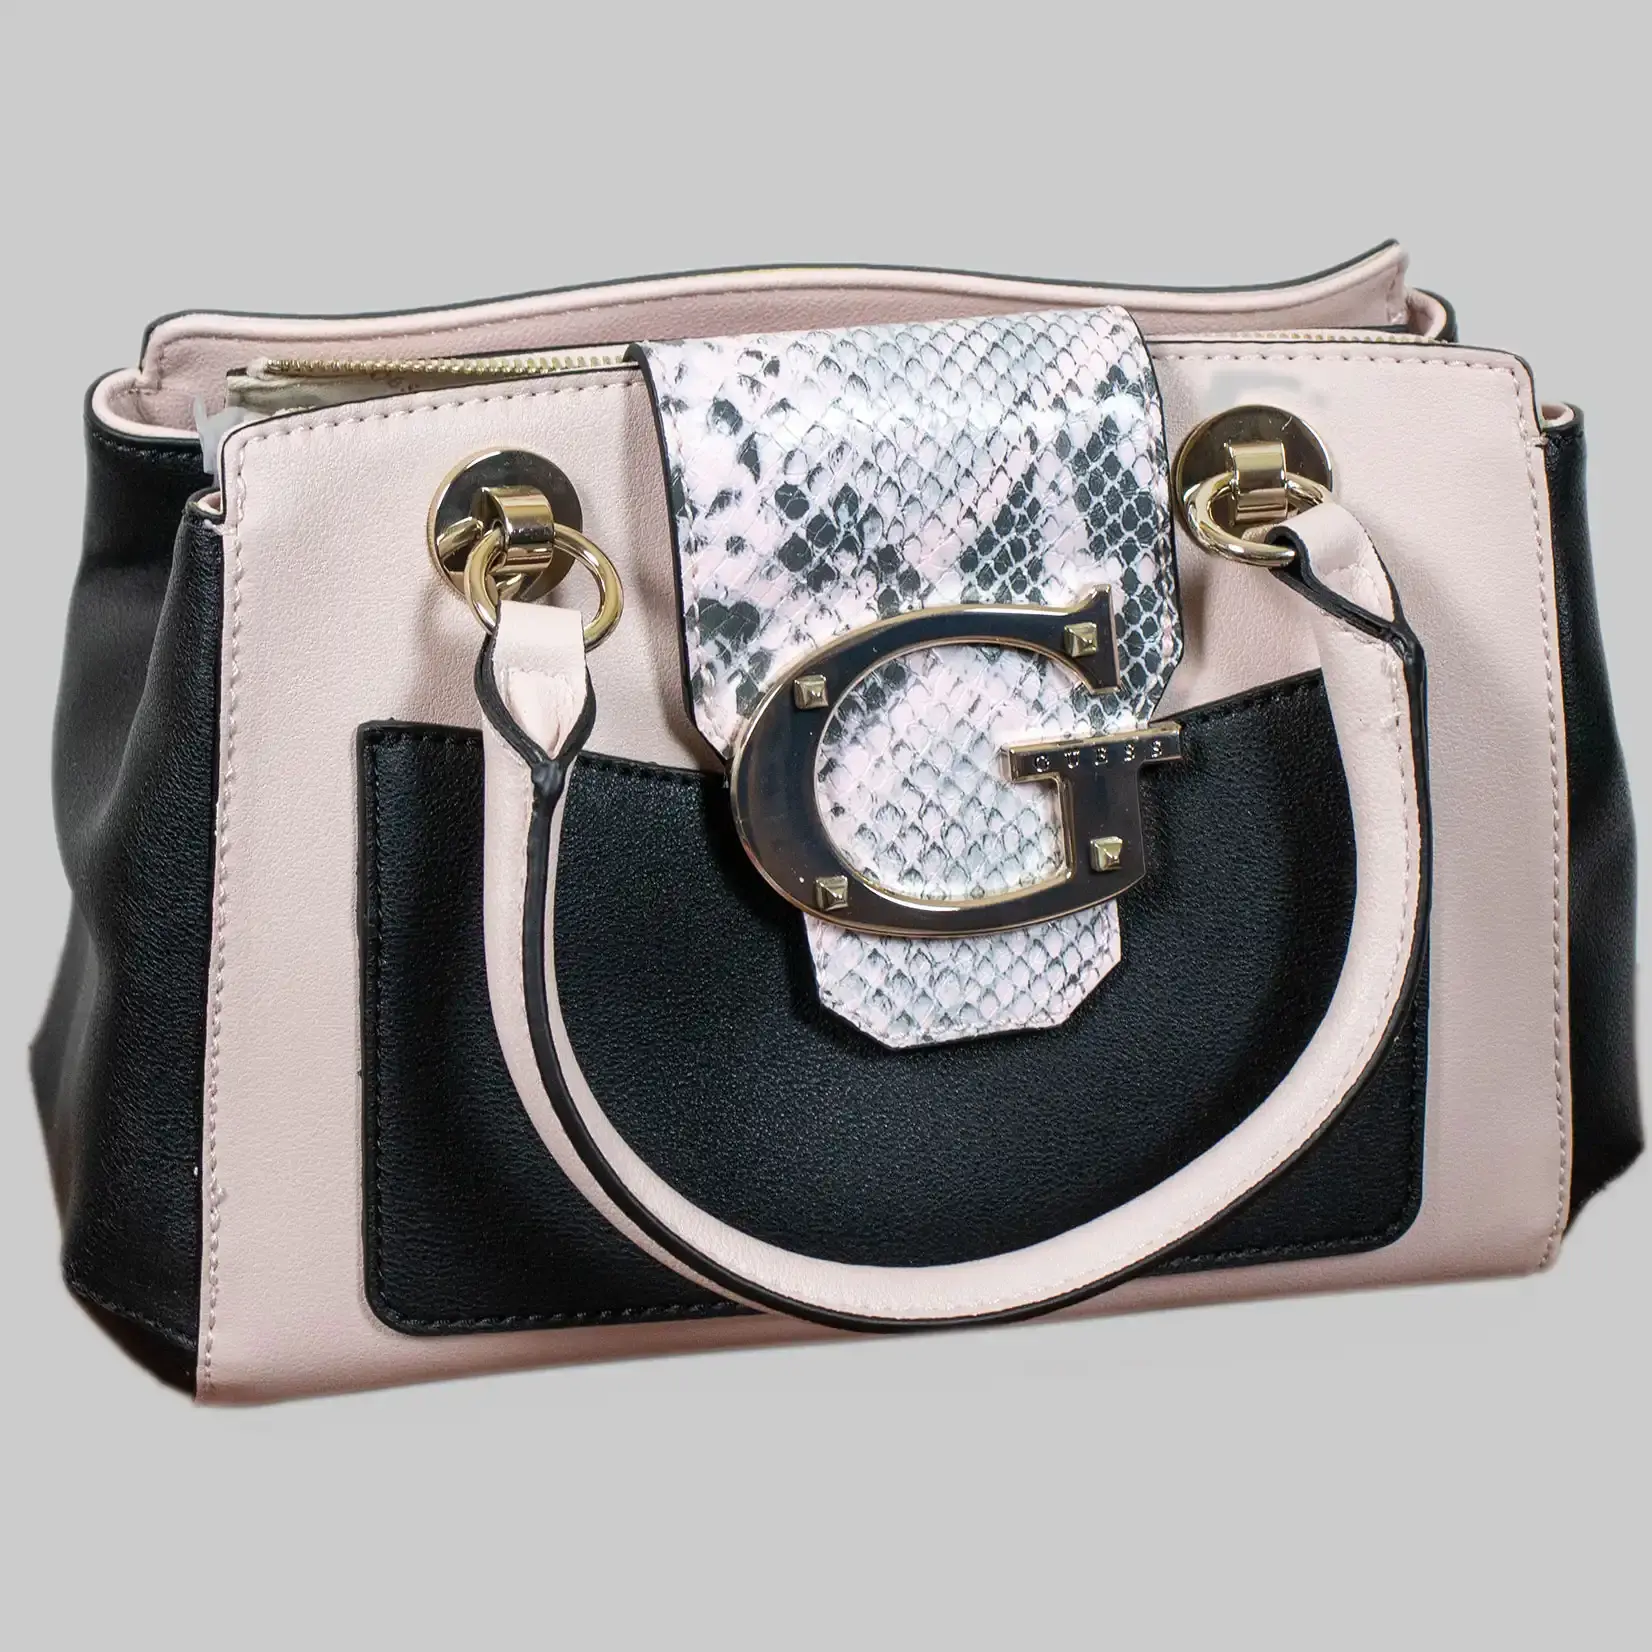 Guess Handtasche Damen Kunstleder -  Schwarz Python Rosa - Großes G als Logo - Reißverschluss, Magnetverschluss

* * *

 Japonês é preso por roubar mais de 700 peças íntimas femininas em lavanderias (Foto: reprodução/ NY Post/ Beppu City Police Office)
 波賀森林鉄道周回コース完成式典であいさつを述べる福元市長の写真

- **Task goal**:
Repeat the entries above verbatim, but only from the line that has "Japonês é preso" down to the line that has "波賀森林鉄道周回コース完成式典であいさつを述べる福元市長の写真", inclusive.

- **Result of this exercise**:
 Japonês é preso por roubar mais de 700 peças íntimas femininas em lavanderias (Foto: reprodução/ NY Post/ Beppu City Police Office)
 波賀森林鉄道周回コース完成式典であいさつを述べる福元市長の写真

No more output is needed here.